__Aim of the task__. When you write out the listing below, keep each word exactly as it stands and drop the pictures.

***** Supplied material

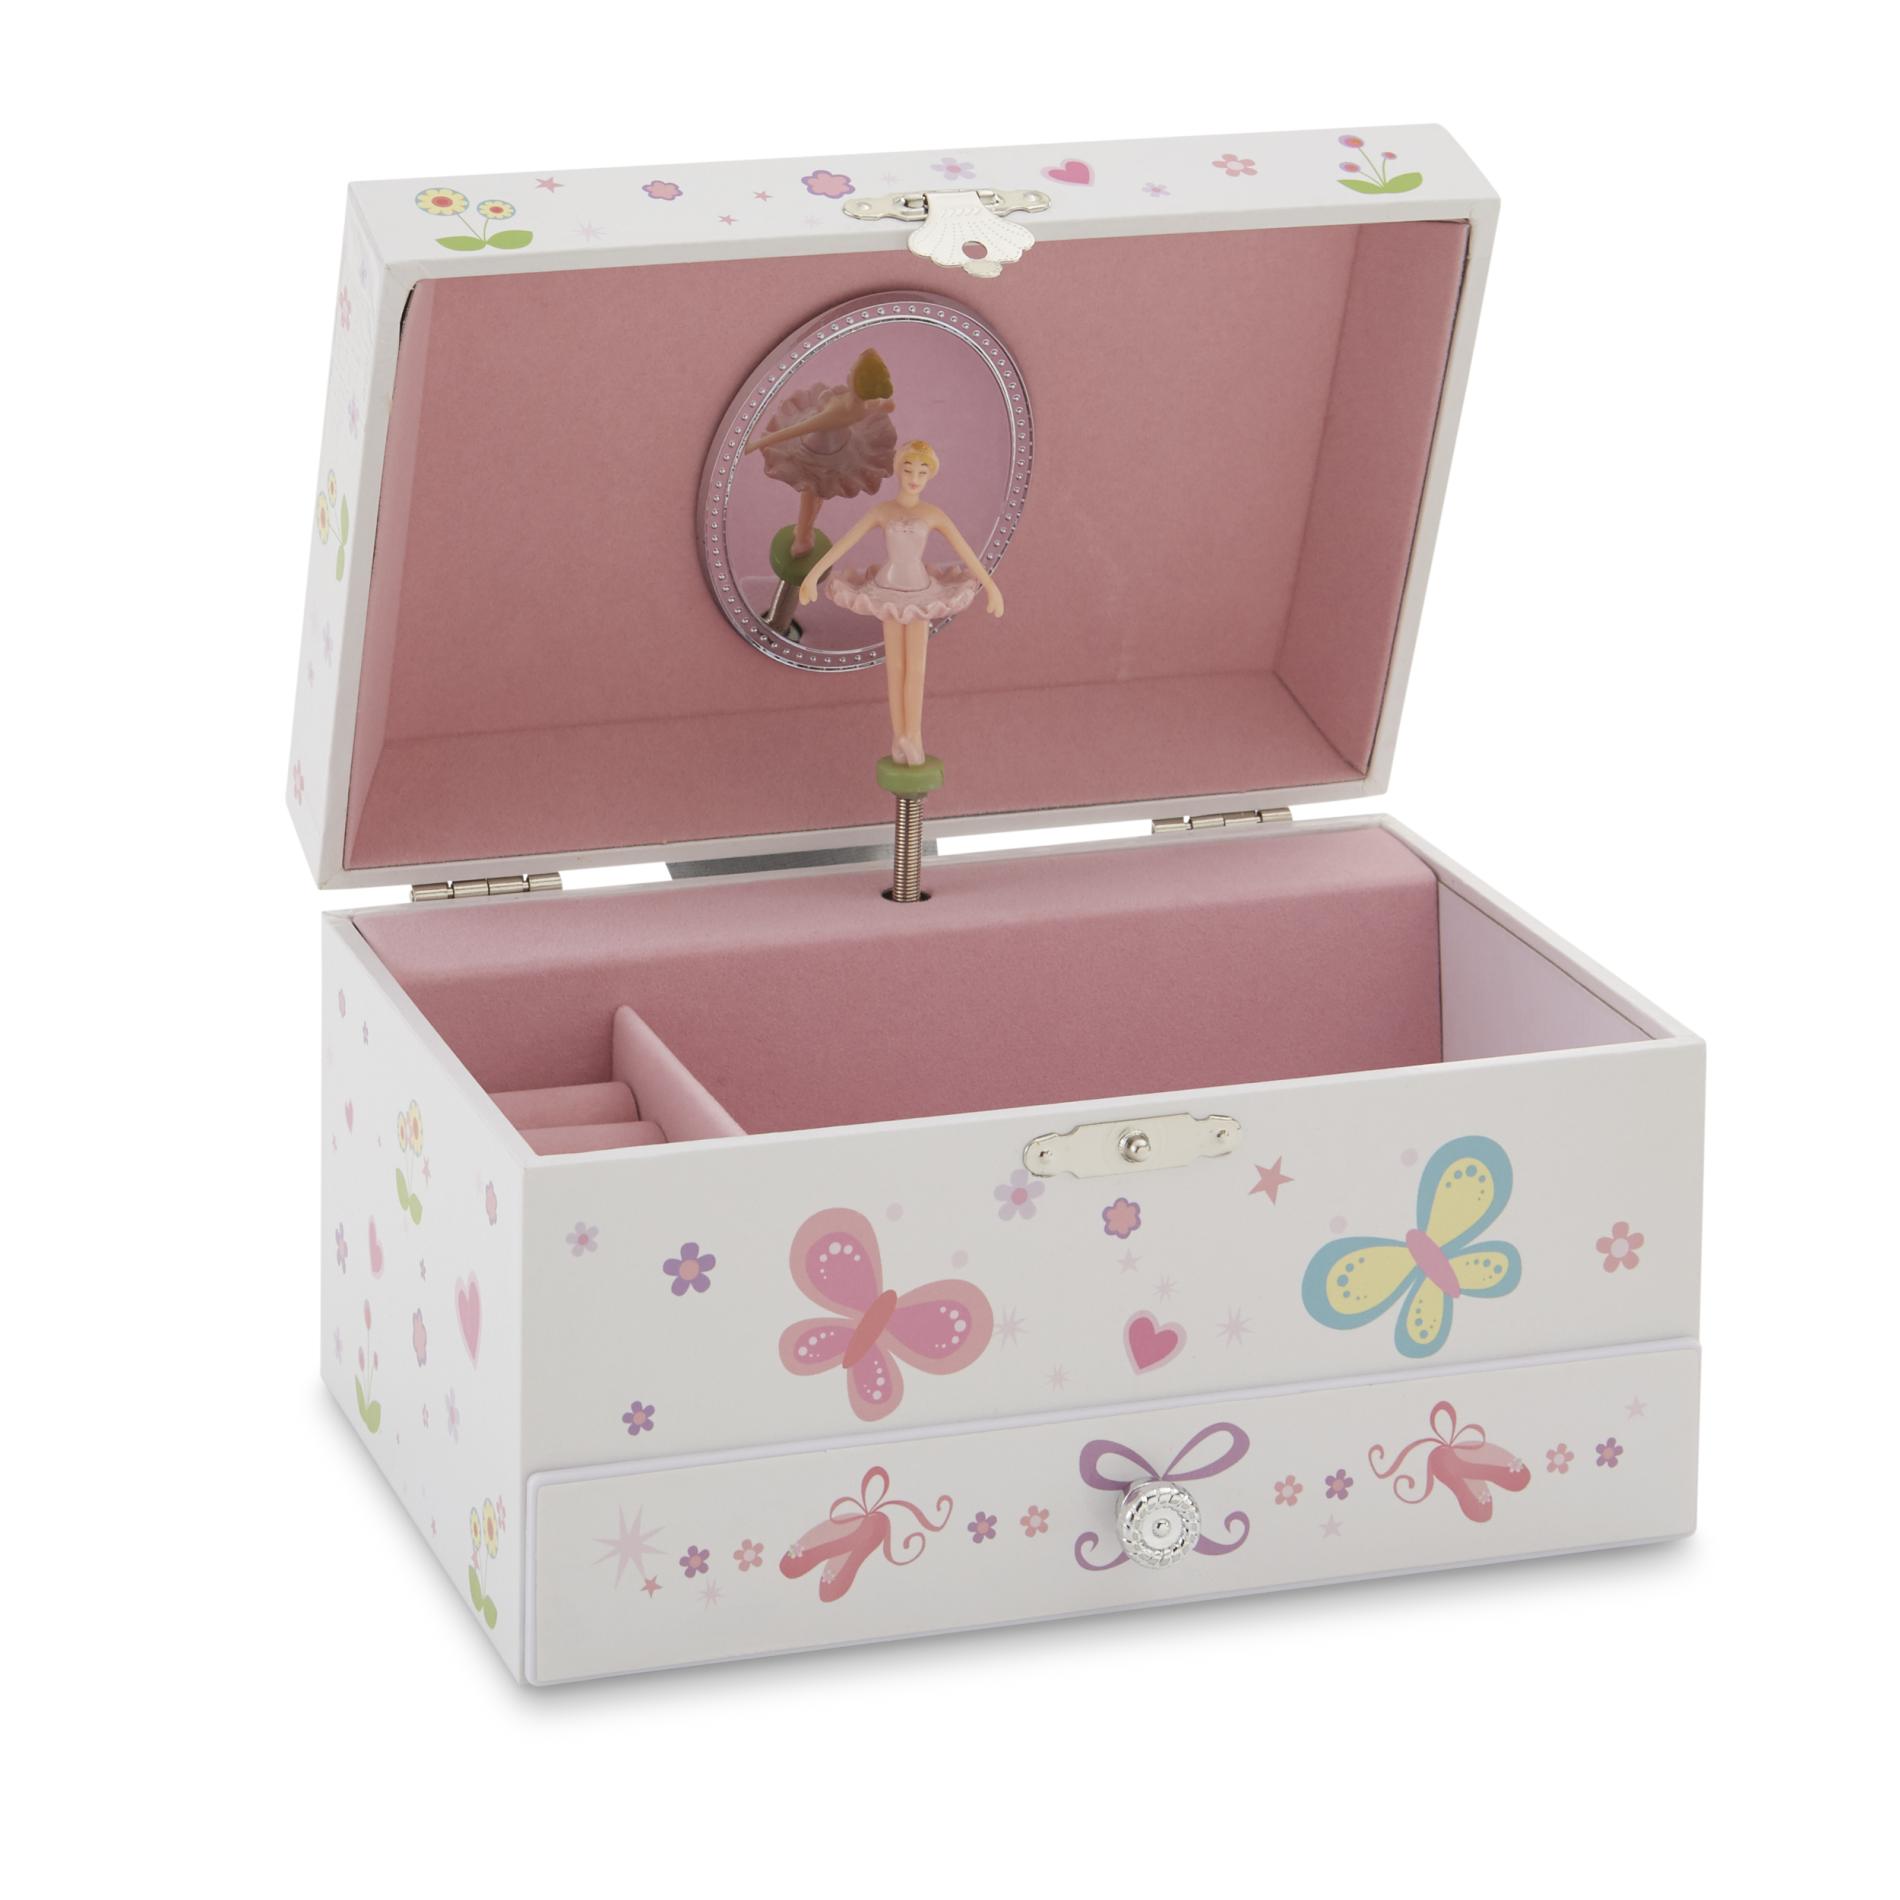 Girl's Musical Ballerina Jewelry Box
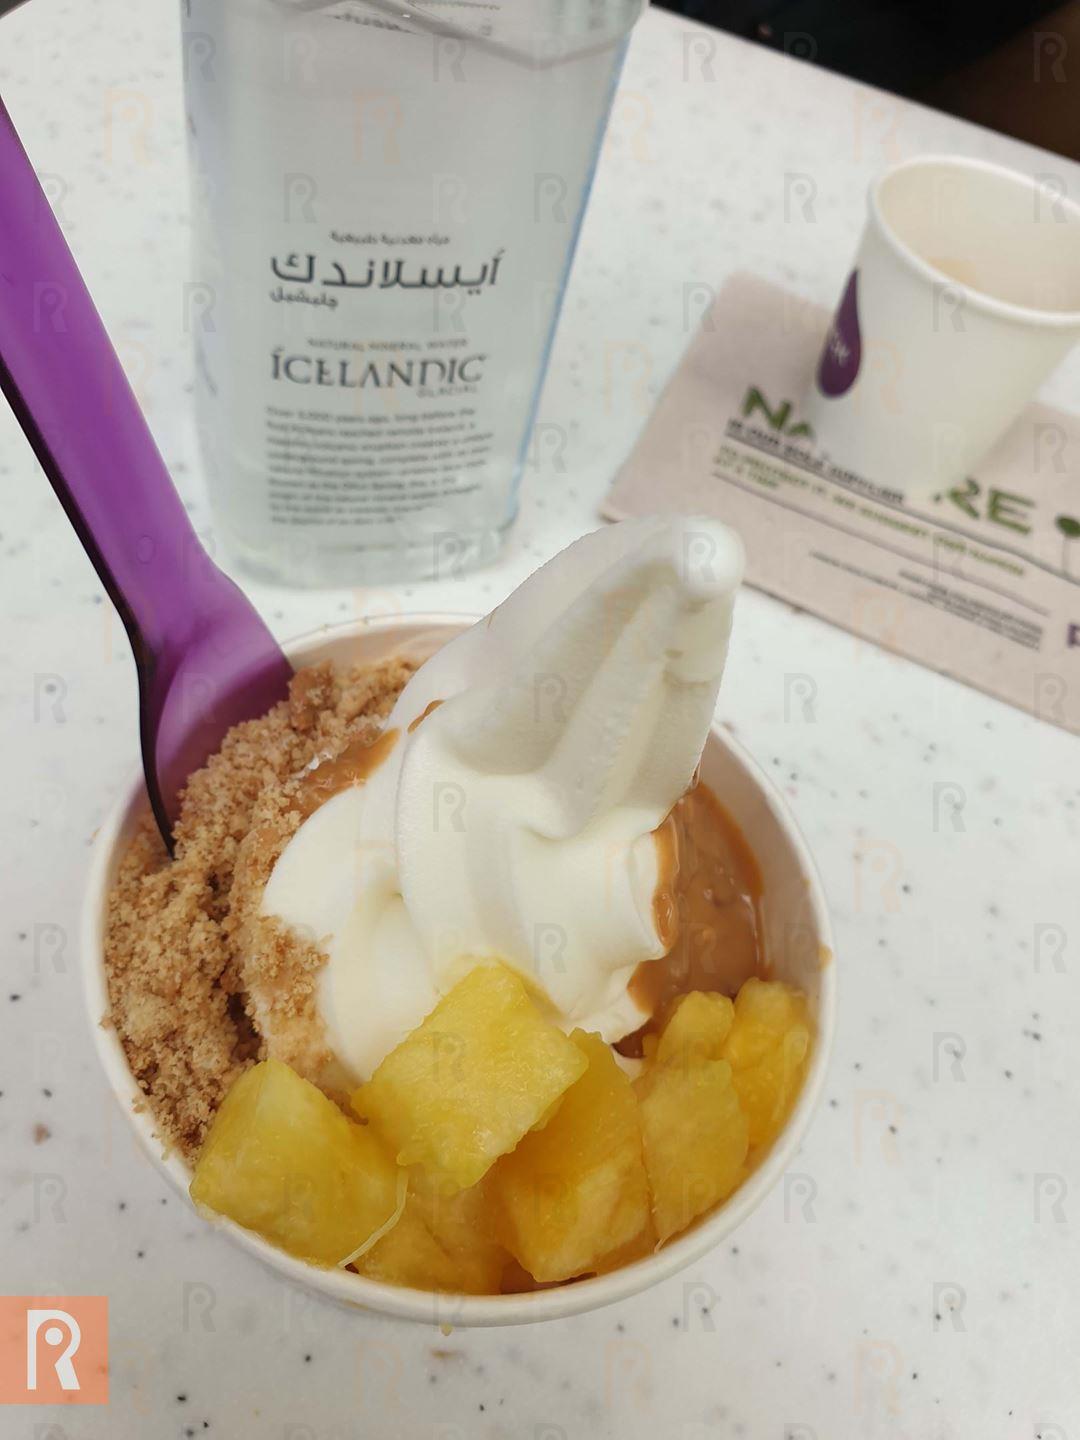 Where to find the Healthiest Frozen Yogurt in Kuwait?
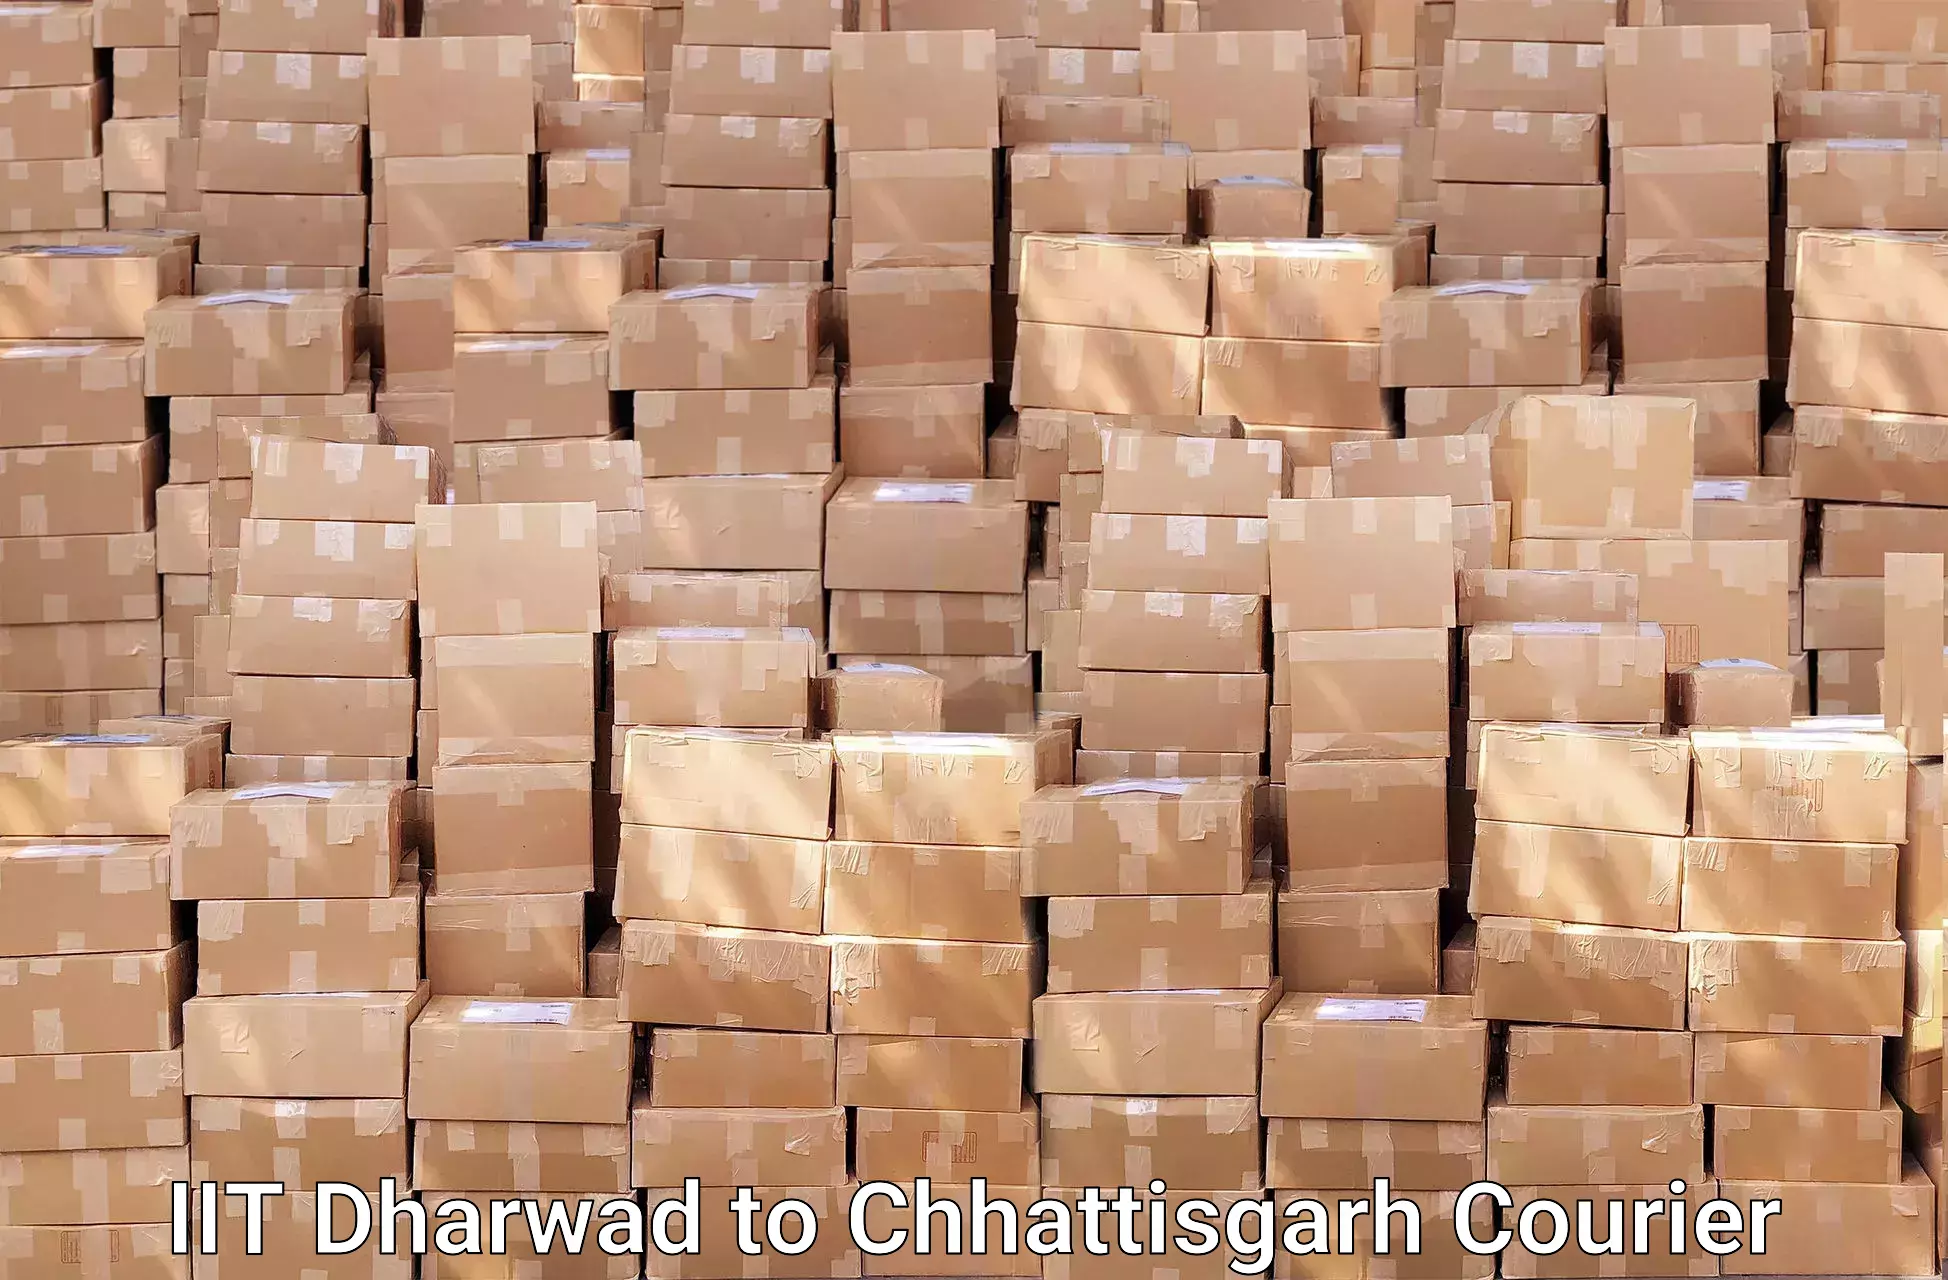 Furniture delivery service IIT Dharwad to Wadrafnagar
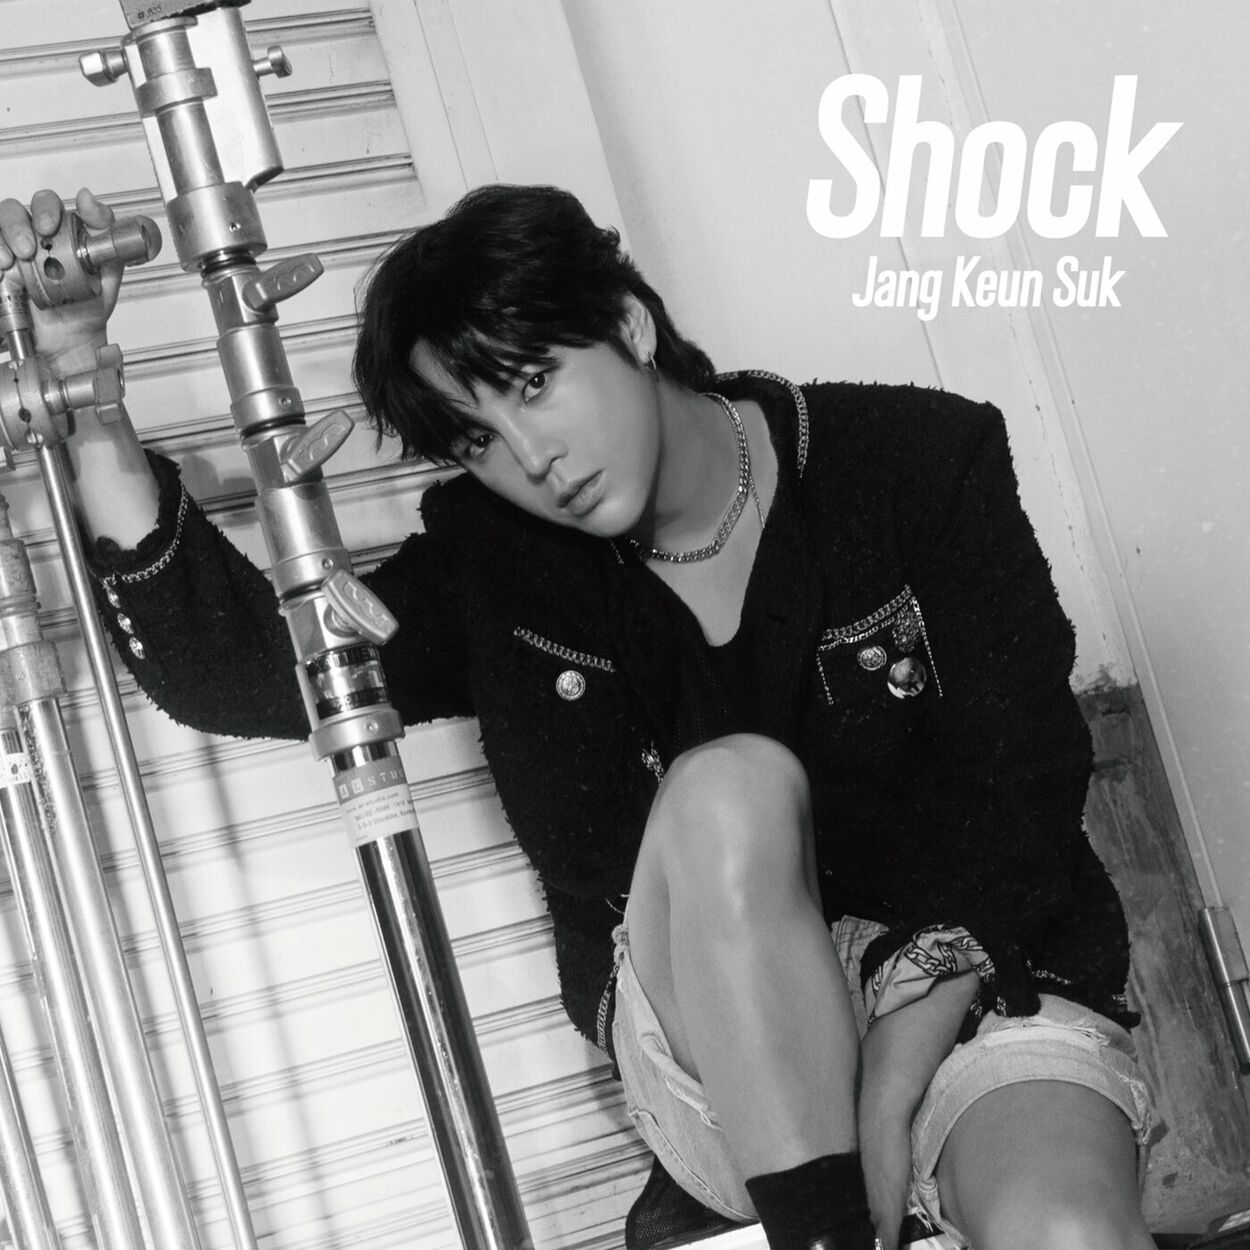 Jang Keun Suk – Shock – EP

**********

__Task response__.
 Girl's Musical Ballerina Jewelry Box
 Where to find the Healthiest Frozen Yogurt in Kuwait?
 Furniture delivery service IIT Dharwad to Wadrafnagar
 Jang Keun Suk – Shock – EP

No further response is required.